From Yankee Magazine's New England Innkeepers' Cookbook

Eggs Recipes | Miscellaneous Recipes

Yield: Serves 6 to 8

In addition to breakfast, this makes a great supper as well. On Cranberry Pond Bed and Breakfast, Middleboro, Massachusetts

  • 1 pound ground pork sausage (the chef uses Sardinha sausage because it’s low-fat)
  • 1 small onion, chopped
  • 1/2 teaspoon garlic powder
  • 2-1/4 cups milk
  • 10 eggs
  • 1-1/2 teaspoons dry mustard
  • 1/2 teaspoon salt
  • 1-1/2 cups grated cheddar cheese
  • 2 cups flavored croutons

Cook the sausage, onion, and garlic powder in a large skillet over medium heat until the sausage browns. Drain well.

In a large bowl, combine the milk, eggs, mustard, and salt and beat for 1 minute. Stir in the cheese, croutons, and sausage.

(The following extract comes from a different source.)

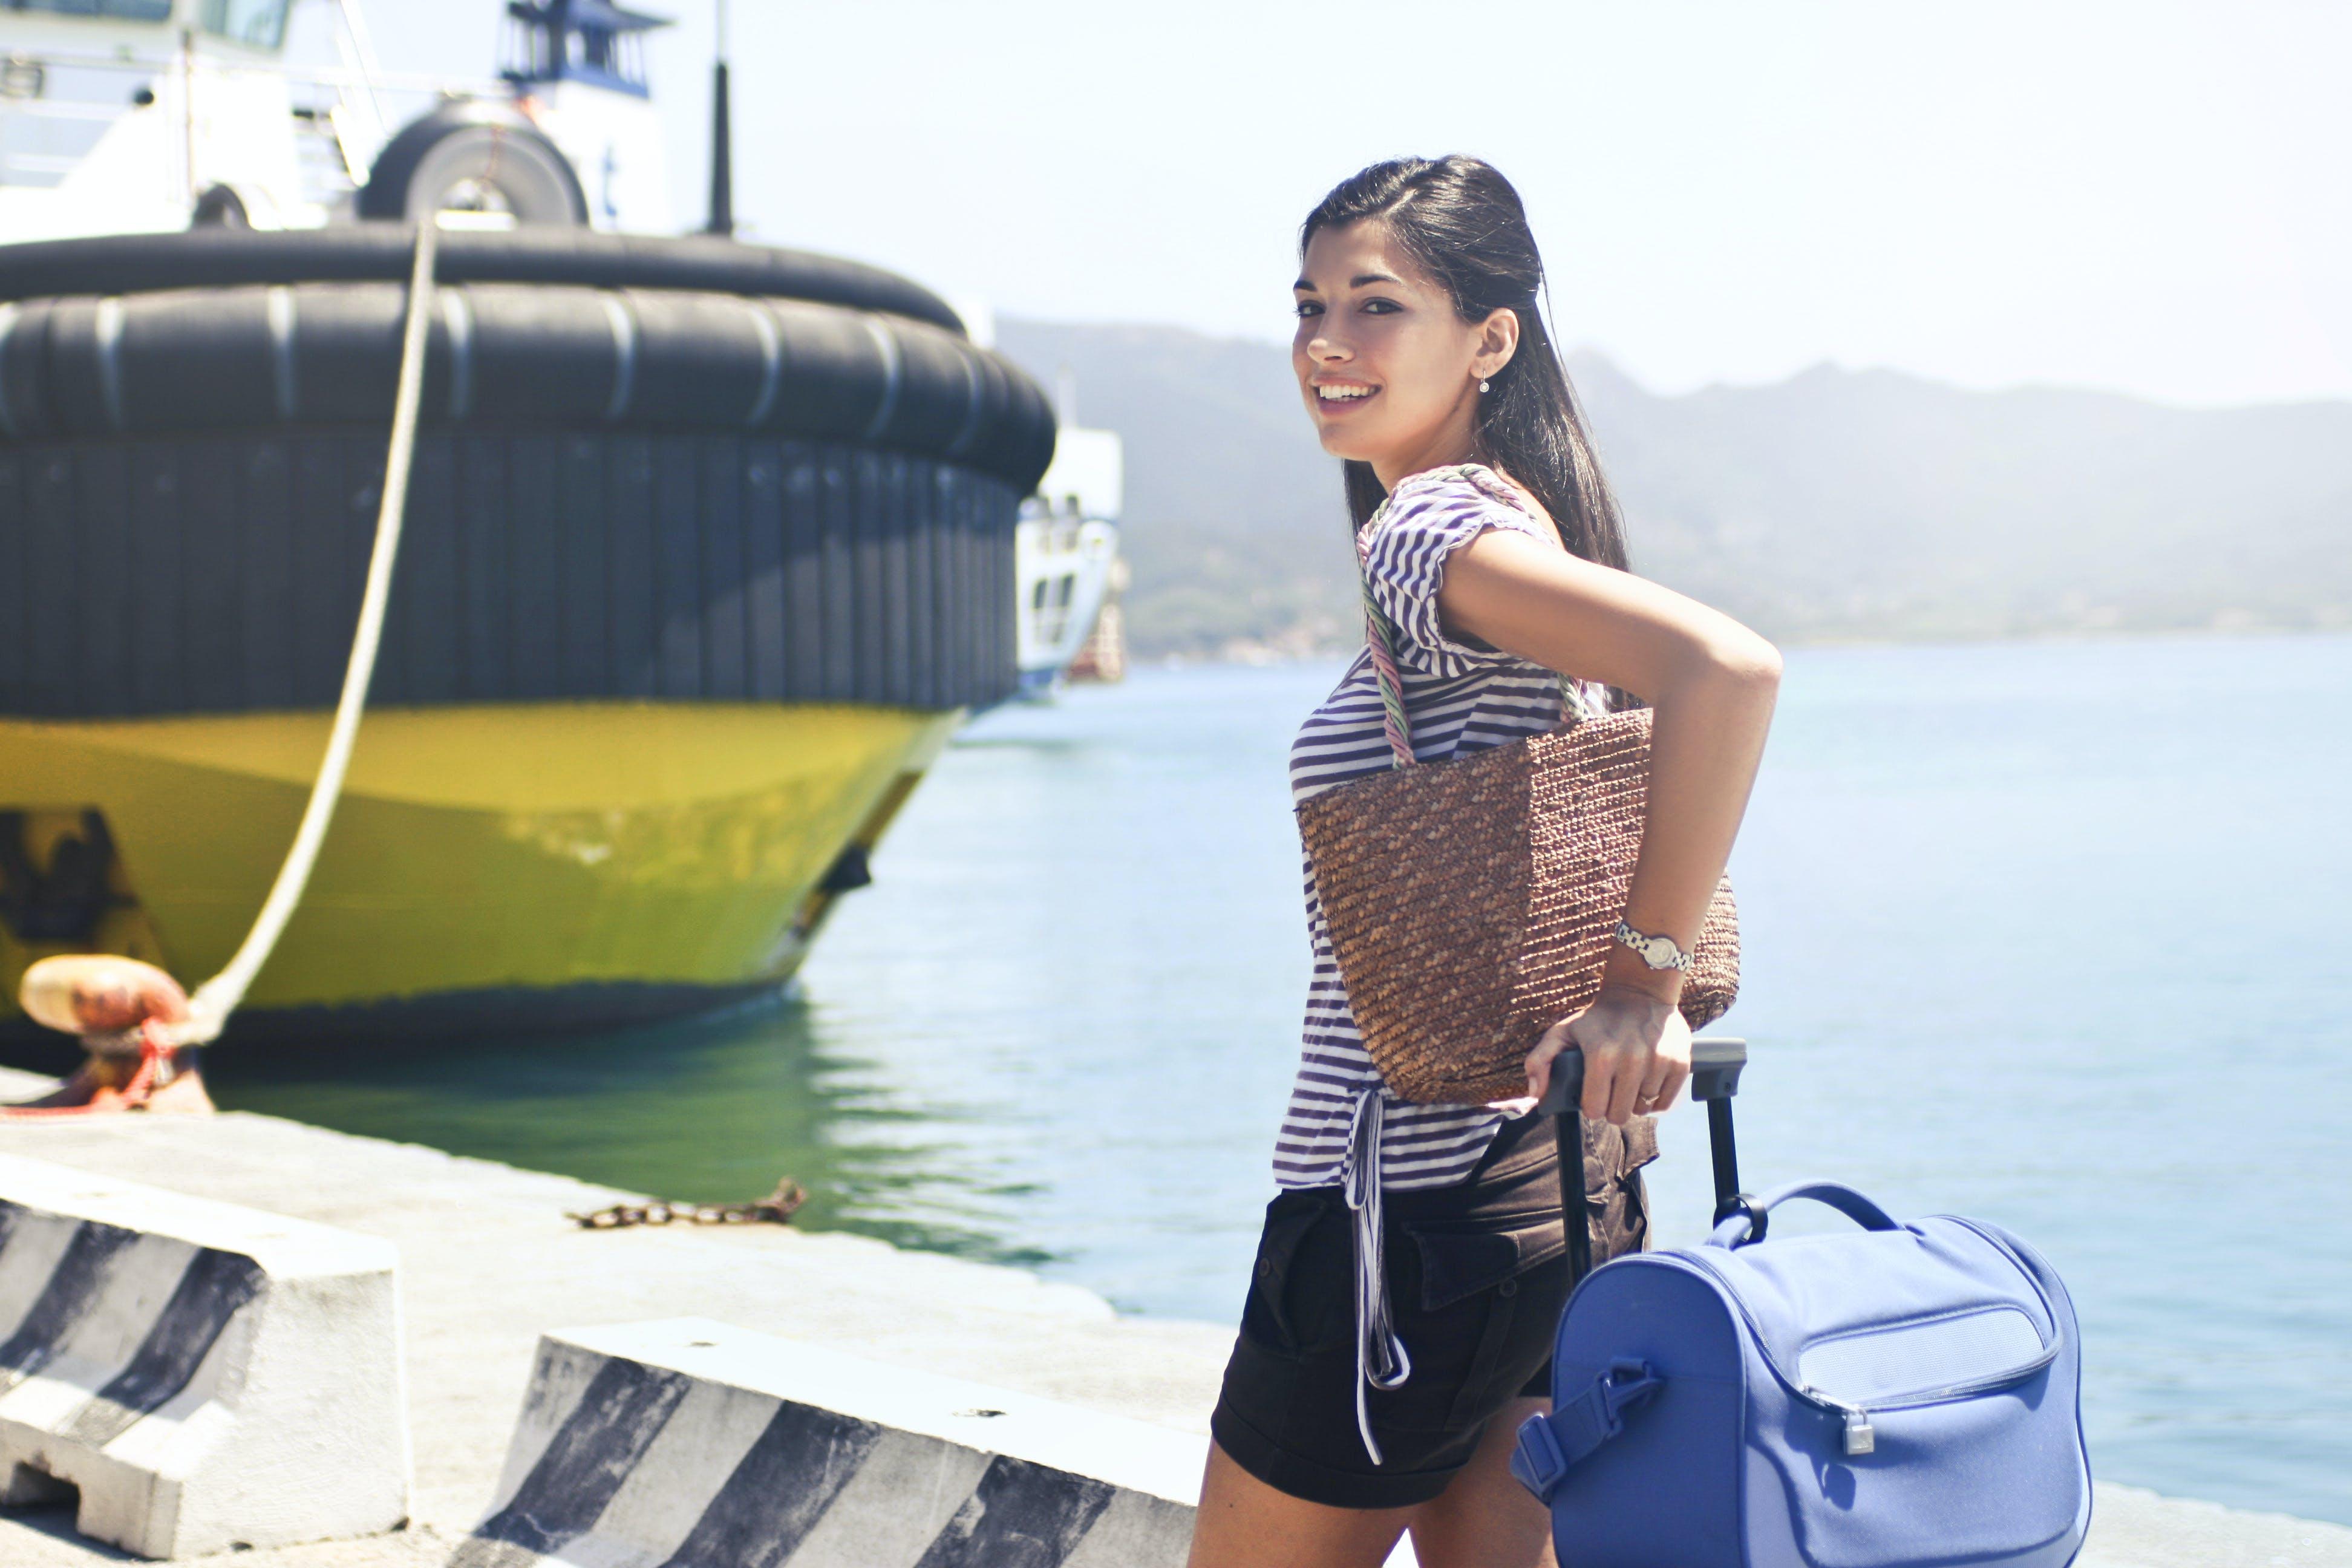 Woman Standing on Dock Near Ship Holding Luggage and Carrying Handbag

Pour into an ungreased 13x9-inch pan and bake uncovered in a preheated 350 degree oven for 30 to 40 minutes or until a knife inserted in the center comes out clean.

NOTE: This recipe can be prepared the night before, refrigerated, and then baked in the morning, but extend the cooking time by about 10 minutes.